The renowned architect asked if there were any questions. I raised my hand and asked if he could maybe finish

Gerda BleesAugust 5, 202210:30

In Balgoij we sleep in an authentic Ikea bed with curled bars and large round buttons on every corner. The large sloping wooden beams above us are not made by Ikea. I lie in the middle between my lover and my child. My child snores relatively quickly, with a frequency of about a second per snore, my loved one snores much more slowly.

Whenever my child is sleeping next to me, I count his breaths. I don’t do this on purpose, it comes naturally. At one point I notice that I am counting: twenty-two, twenty-three.

Look here, I think. That would be a good text for a very large facade painting. And then in the place of the I and the E of ‘here’ again the text ‘look here’. The I then consists of the letters of ‘look here’ and the E of the letters of ‘here’, but there the I and the E are again replaced by the text ‘look here’, and so on, until it is so small that you can’t read it anymore. It’s just a pity that the E has three legs, while ‘here’ consists of four letters. But we’ll figure that out.

‘If the concept gets in the way of user-friendliness, then you’re doing it wrong’, I once heard a renowned architect say. I was 25 years old, and I had been seated at the front of the class, not because I wanted to hear the renowned architect speak, but because I had to be in place in ten minutes to explain to a group of Facebook and engineering students how to write a scientific article. writes.

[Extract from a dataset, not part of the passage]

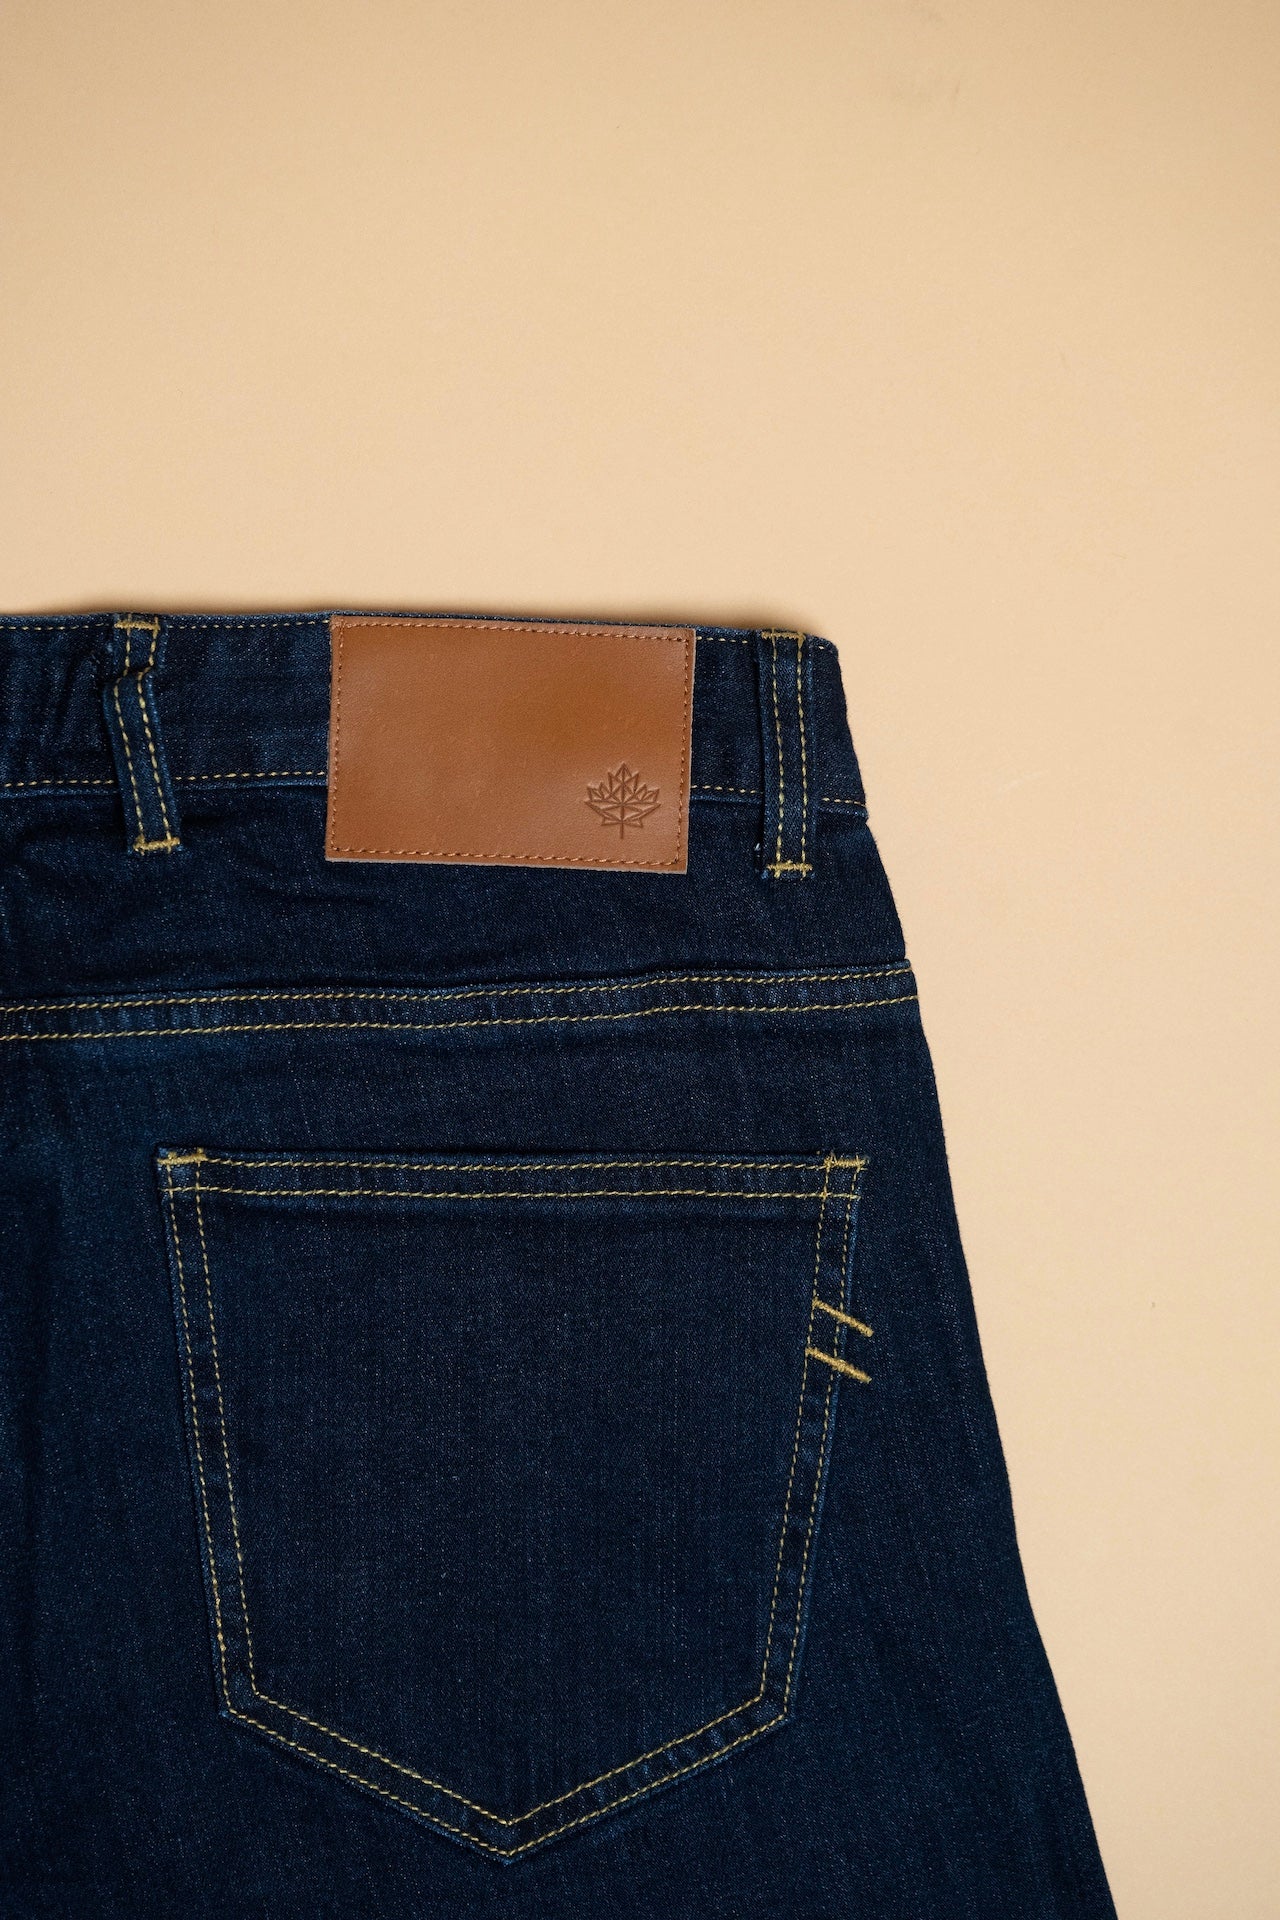 Workwear jean in classic indigo – Cloth & Crown
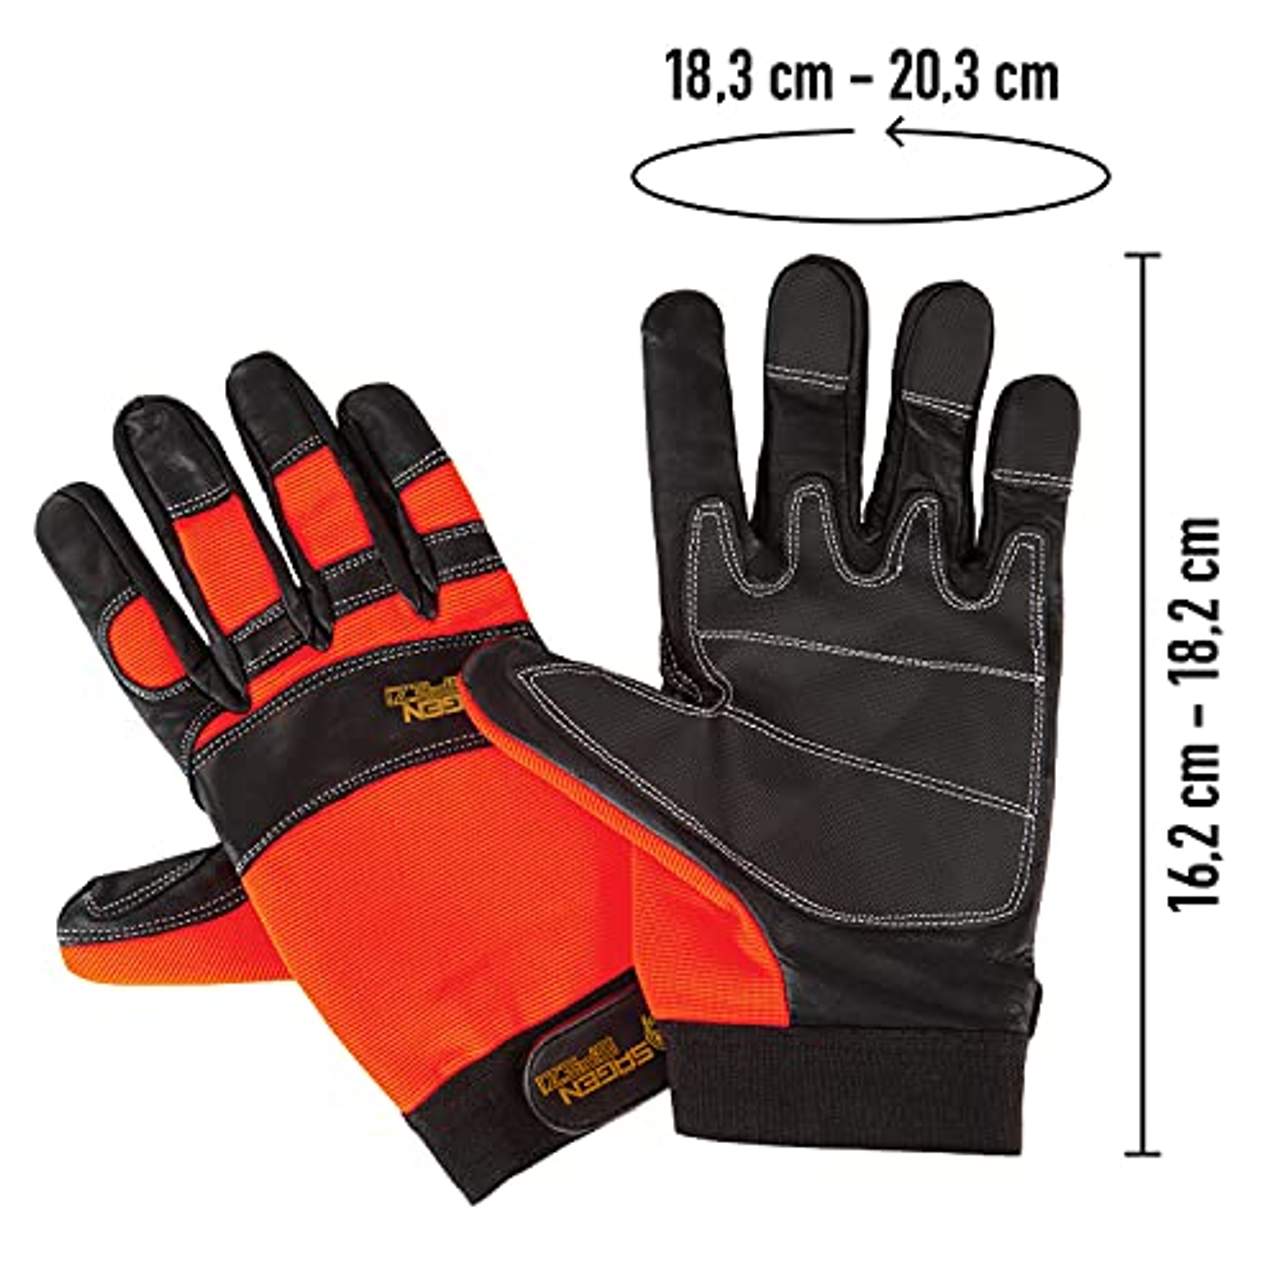 Sägenspezi Schnittschutz Sägenspezi Handschuhe Größe XL

The renowned architect showed pictures of seating pits, a concept he devised in the 1970s. When I was in seventh grade, we had a big sitting area in my high school auditorium. At the end of the break, the pit was full of uneaten sandwiches. When you were on duty, you had to sweep all those sandwiches together with a big broom and throw them in the trash, breathing through your mouth so as not to smell the sickly smell of butter and luncheon meat.

Minutes before my lecture was due to begin, the renowned architect asked if there were any questions. I raised my hand and asked if he might be able to finish, because my lecture started in a few minutes.

The renowned architect turned red. “Are you asking me to stop my lecture now?”

Confusion in the room. A high-testosterone student ran up to me angrily to whisper the architect’s name to me and ask how I managed to address him like that.

Later, when the misunderstanding was cleared up, the architect apologized. He had mistaken me for a student. I said it wasn’t a big deal, that I learned a lot from his lecture.